Reputation: 693
I am newbie on python and I loaded a big data from a csv into a pandas dataframe. However, I cannot find a method to create a 2d array for each row of the dataframe where each row of the new np array correspond to X range of values. For example, in my code:
import pandas as pd
import numpy as np
data = pd.read_csv("categorization/dataAll10Overfit.csv",header=None)
#print(data)
rec = data.iloc[:,0:3968] # outputs i rows x 3969 columns
There are 3968 values in each row of the dataframe and I would like to create a 124x32 numpy array so each block of 124 values become a row in the 2d np array. I know C# and there it will work to fill the new array using a for loop but I guess there should be a one-line function in python to split all the data of the dataframe's arrow into a new np array. If this question is duplicated, please refer me to the other post. Thanks in advance
Upvotes: 2
Views: 2158
Reputation: 886
If you want all 2D arrays within one 3D array you can do:
arr = np.zeros((data.shape[0], 124, 32))
for idx, row in data.iterrows():
arr[idx] = np.asarray(row).reshape(124, 32)
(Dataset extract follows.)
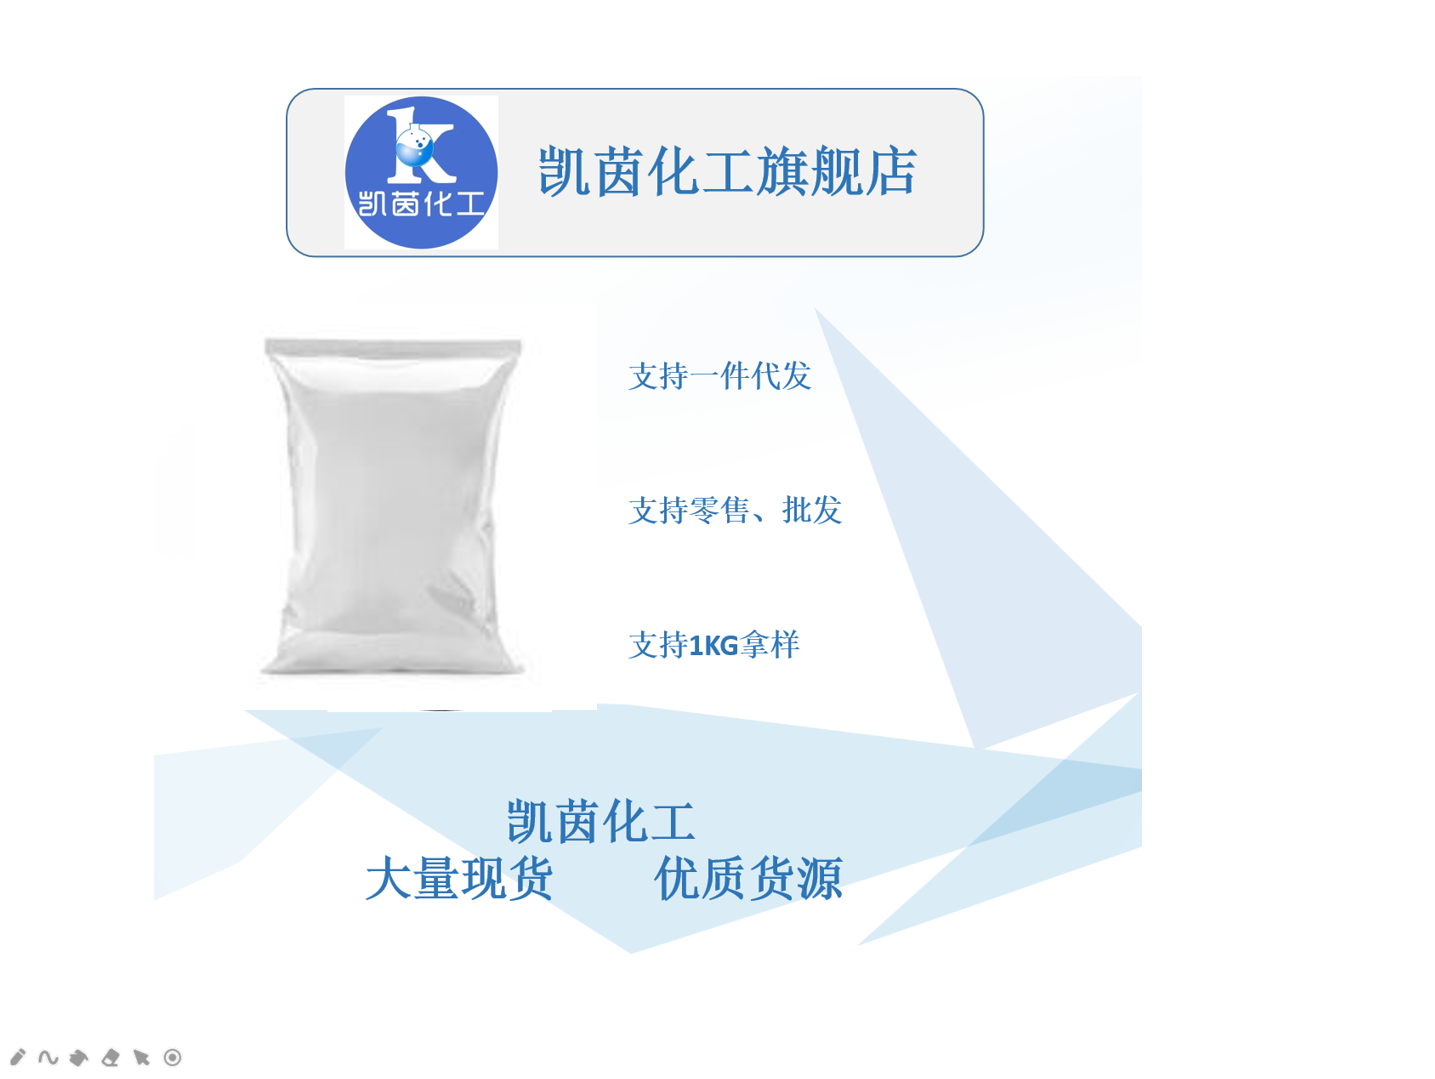 矽比科 BR-4 高岭土 高纯度 微细硅微粉 橡胶化合物专用添加剂
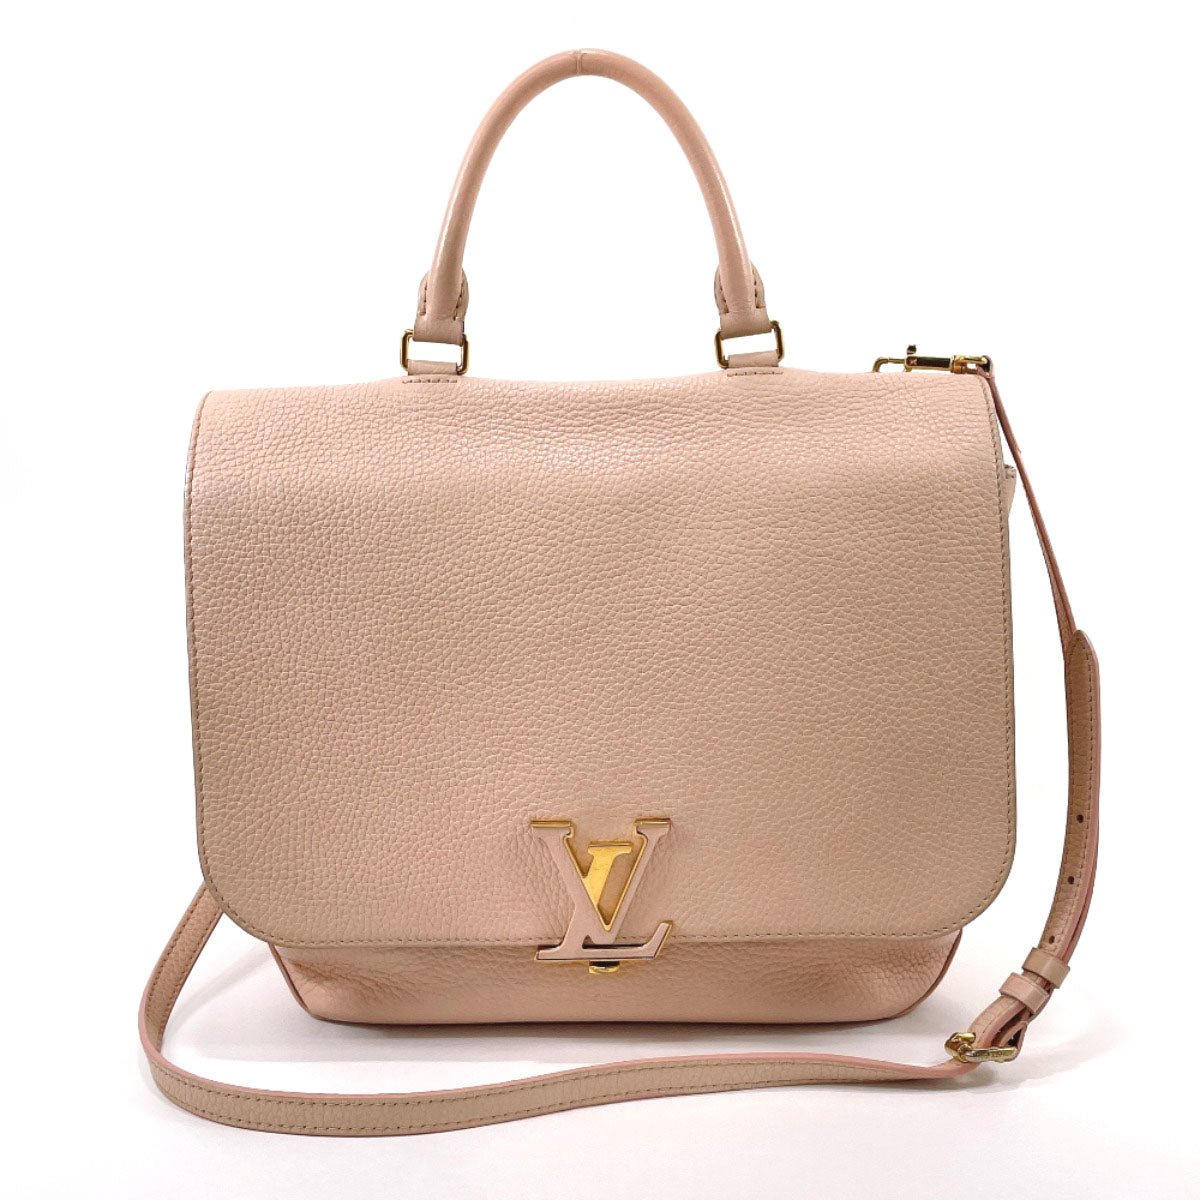 LOUIS VUITTON Black Taurillon Leather Volta Bag/ Hand bag

Or as a one-liner list of arrays:
arr = [np.asarray(row).reshape(124, 32) for idx, row in data.iterrows()]
Upvotes: 1
Reputation: 38982
I assume you don't want to replace the array in place.
nested_record = pd.DataFrame(columns=['record'], index=range(3968))
for i in range(3968):
nested_record['records'].iloc[i] = data.iloc[i].reshape(124, 32)
Upvotes: 1